Abbreviations: AUC, area under the receiver operating characteristic curve; IU, Indiana University Network for Patient Care; MSH, Mount Sinai Hospital; NIH, National Institutes of Health Clinical Center; NPV, negative predictive value; PPV, positive predictive value.
Fig 2CNN to predict hospital system detects both general and specific image features.
(A) We obtained activation heatmaps from our trained model and averaged over a sample of images to reveal which subregions tended to contribute to a hospital system classification decision. Many different subregions strongly predicted the correct hospital system, with especially strong contributions from image corners. (B-C) On individual images, which have been normalized to highlight only the most influential regions and not all those that contributed to a positive classification, we note that the CNN has learned to detect a metal token that radiology technicians place on the patient in the corner of the image field of view at the time they capture the image. When these strong features are correlated with disease prevalence, models can leverage them to indirectly predict disease. CNN, convolutional neural network.
Fig 3Assessing how prevalence differences in aggregated datasets encouraged confounder exploitation.

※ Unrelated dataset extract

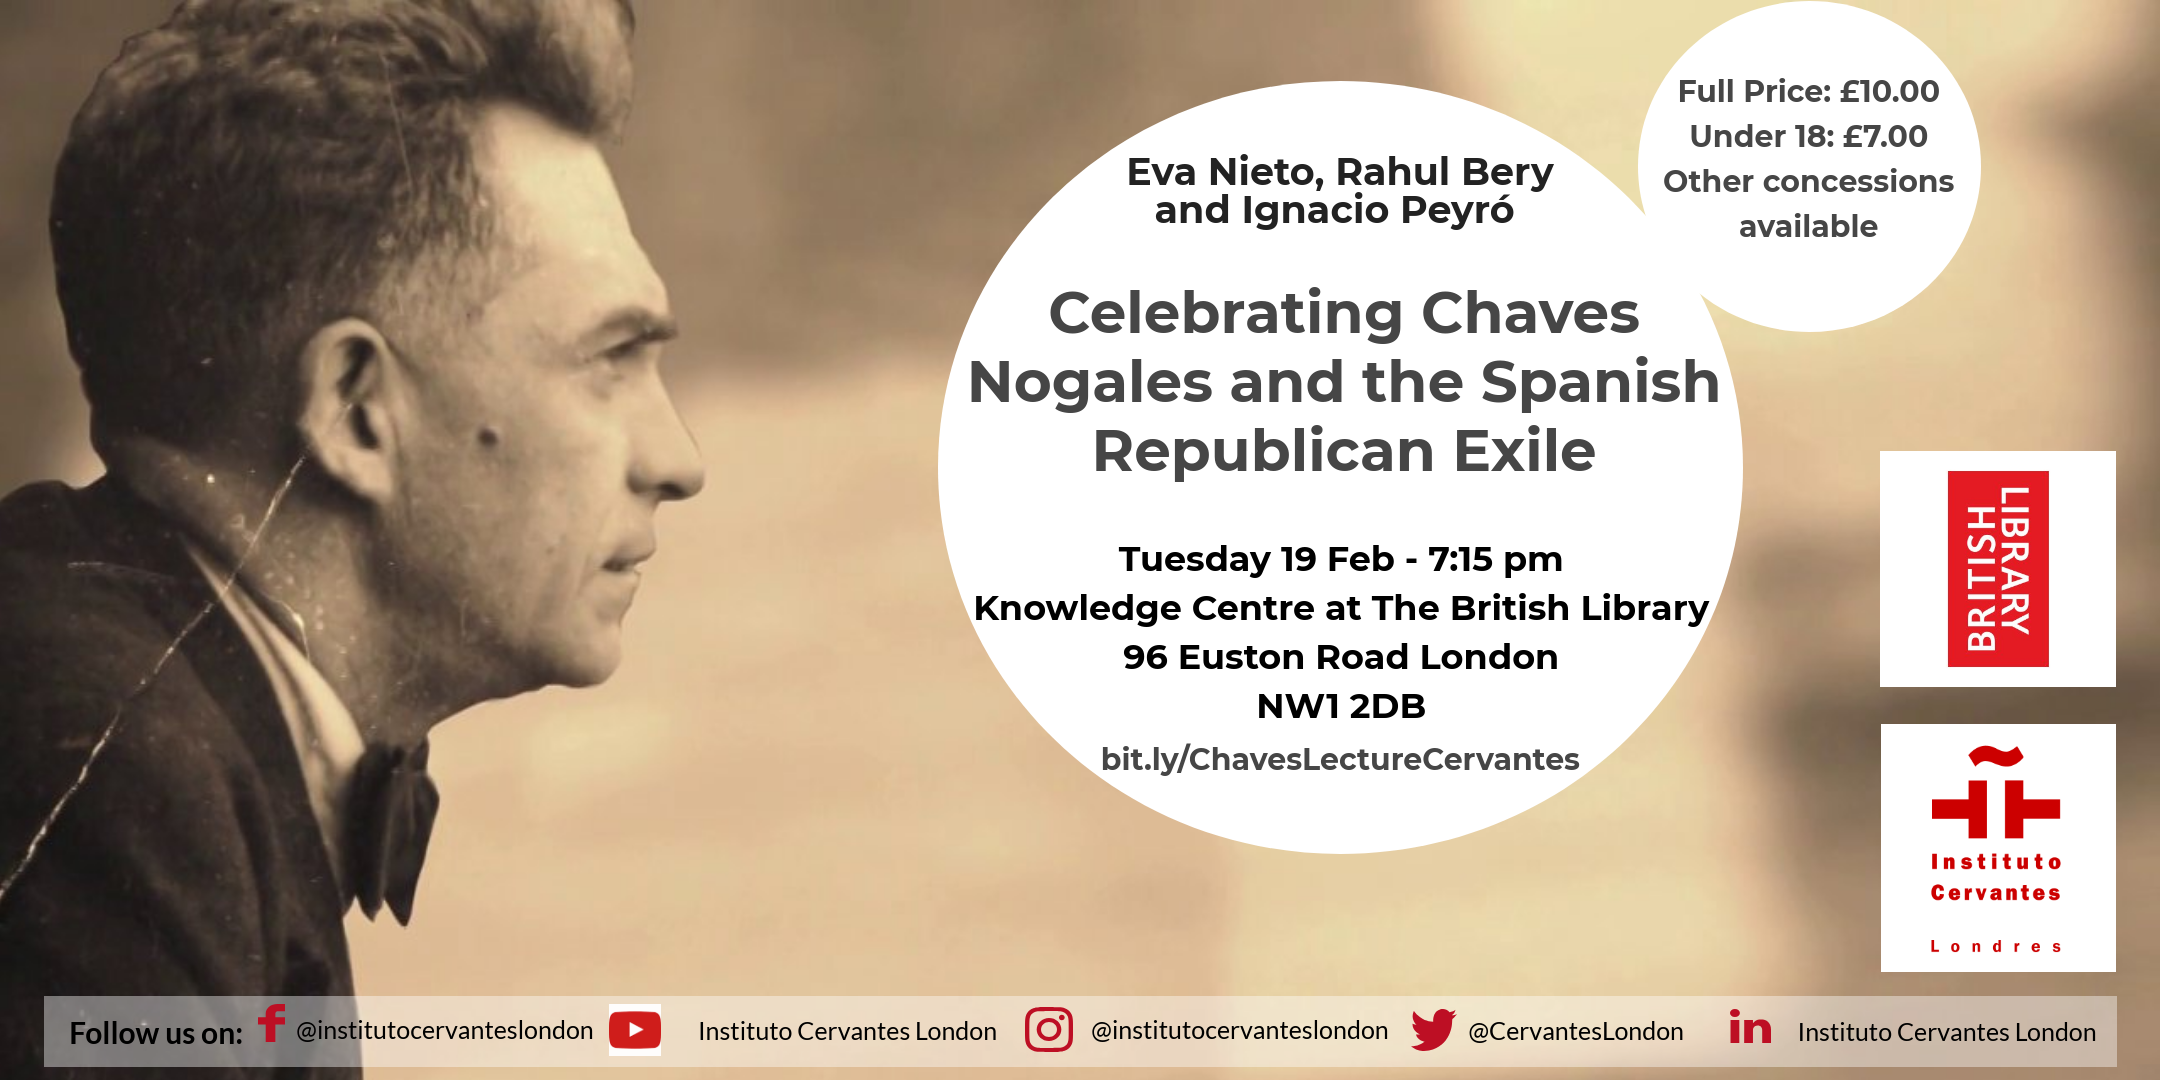 Chaves Nogales: Spanish exiles in London

(A) Five cohorts of 20,000 patients were systematically subsampled to differ only in relative pneumonia risk based on the clinical training data sites. Model performance was assessed on test data from the internal hospital systems (MSH, NIH) and from an external hospital system (IU). (B) Although models perform better in internal testing in the presence of extreme prevalence differences, this benefit is not seen when applied to data from new hospital systems. The natural relative risk of disease at MSH, indicated by a vertical line, is quite imbalanced. IU, Indiana University Network for Patient Care; MSH, Mount Sinai Hospital; NIH, National Institutes of Health Clinical Center; ROC, receiver operating characteristic; RR, relative risk.